I recently got my 29G tank set up and am slowly stocking it over the next month or so. Two weeks ago, I got 3 bumblebee platys from my local store, 2 Female, 1 Male. Unfortunately one of the females got stressed during the transfer and didn't survive the night. The other female, however, is healthy and now pregnant. I would like to keep and raise the fry, and would like to know when she should be isolated to give birth. She is quite swollen, her abdomen is about 2 times it's normal size and she is still active. I know very little about raising fry, and would appreciate any advice given. My last tank, about 3 years ago, had some fry that survived without intervention, but I would like to improve their chances.


----------



## lohachata (Jan 27, 2006)

the best thing you could do is set up a 10-15 gallon tank and put lots and lots of hornwort in it..put the female in it as soon as you see she is pregnant.this will keep her from getting stressed...
i don't move any of my females just for them to give birth.i keep the plants in their regular tank and just leave them in there..


----------



## ZebraDanio12 (Jun 17, 2011)

If you don't want to remove her, Add tons of hiding places.
I have a bicket outside right now filled with plants and guppies, It has 50ish fish,little to none of the fry get eaten because theres are plenty of spots for them to hide.

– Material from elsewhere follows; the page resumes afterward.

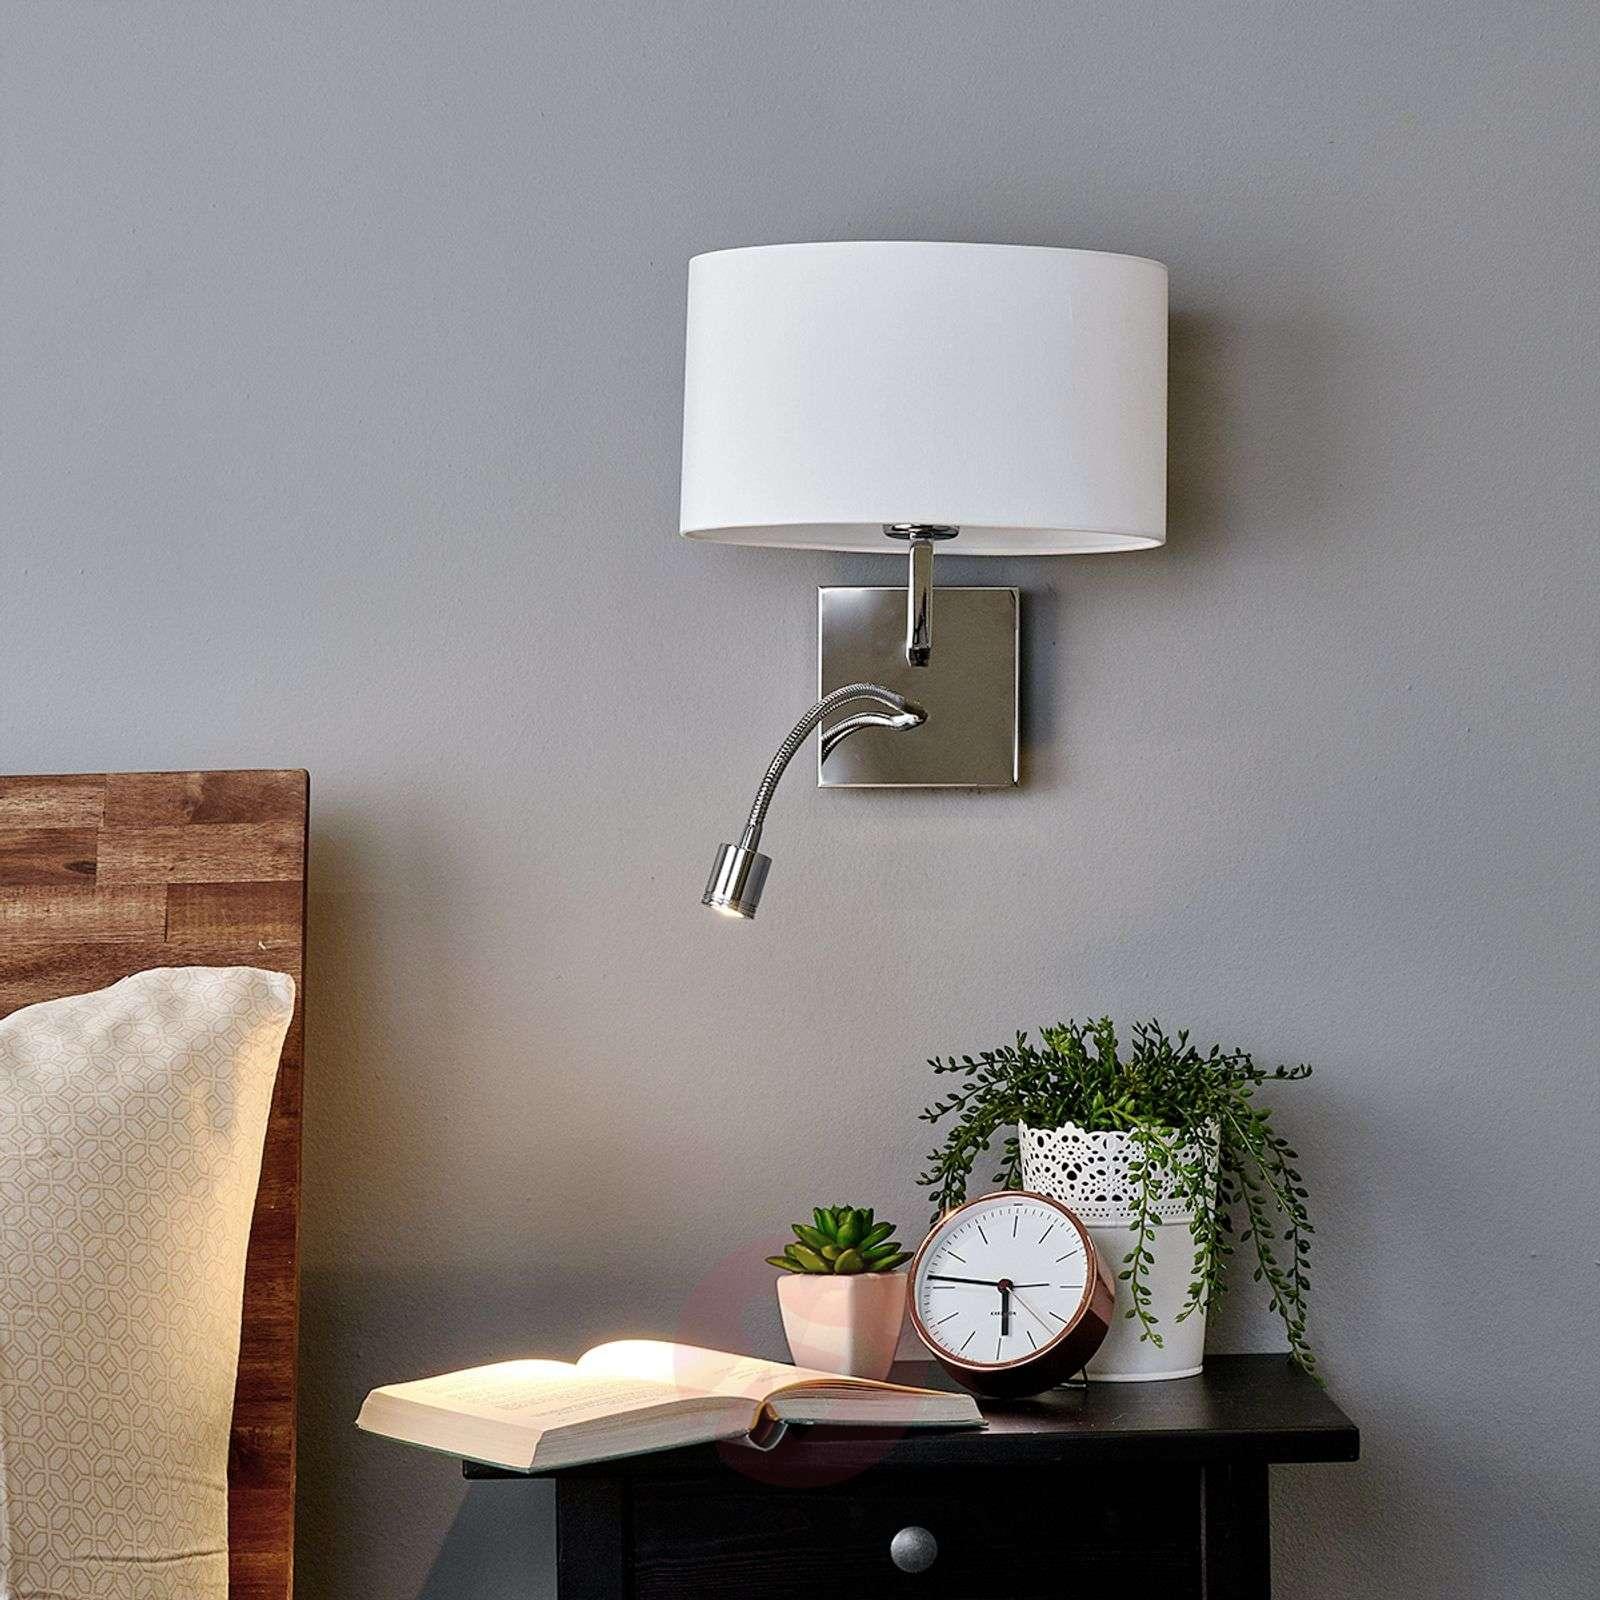 White fabric wall light Karla, LED reading light-9976009-01

If you do want to remove her and seperate the babies, place her in the same kind of setup. Add some plants (real or fake) to her tank, these will help to make her feel less stressed.
She will drop in her own time. Remove her when she has given birth, she may eat her fry if you don'.


Ah loha beat me, but he has the same idea as me.


----------



## WhaleSharks (Jul 12, 2013)

I like loha's idea of leaving the female in the tank for the pregnancy and adding hiding places. I think isolating her would stress her too badly, and I already have several bushy plants in the tank where the fry could hide, and I could easily add more. Thanks so much guys. 

Oh, one more thing. Is there a way to reliably predict when the fry will drop?


----------



## lohachata (Jan 27, 2006)

i am sure there is ; but i don't give it much consideration as i don't really move them.when they look like they are about to explode i figure it is close.


----------



## ZebraDanio12 (Jun 17, 2011)

Boxy bellies. Their bellies look like a box, and the area near the gravid spot will start to protrude. Thats how I know it could happen any day. 

I've heard people say not eating and heavy breathing,but I've honestly never seen that.


----------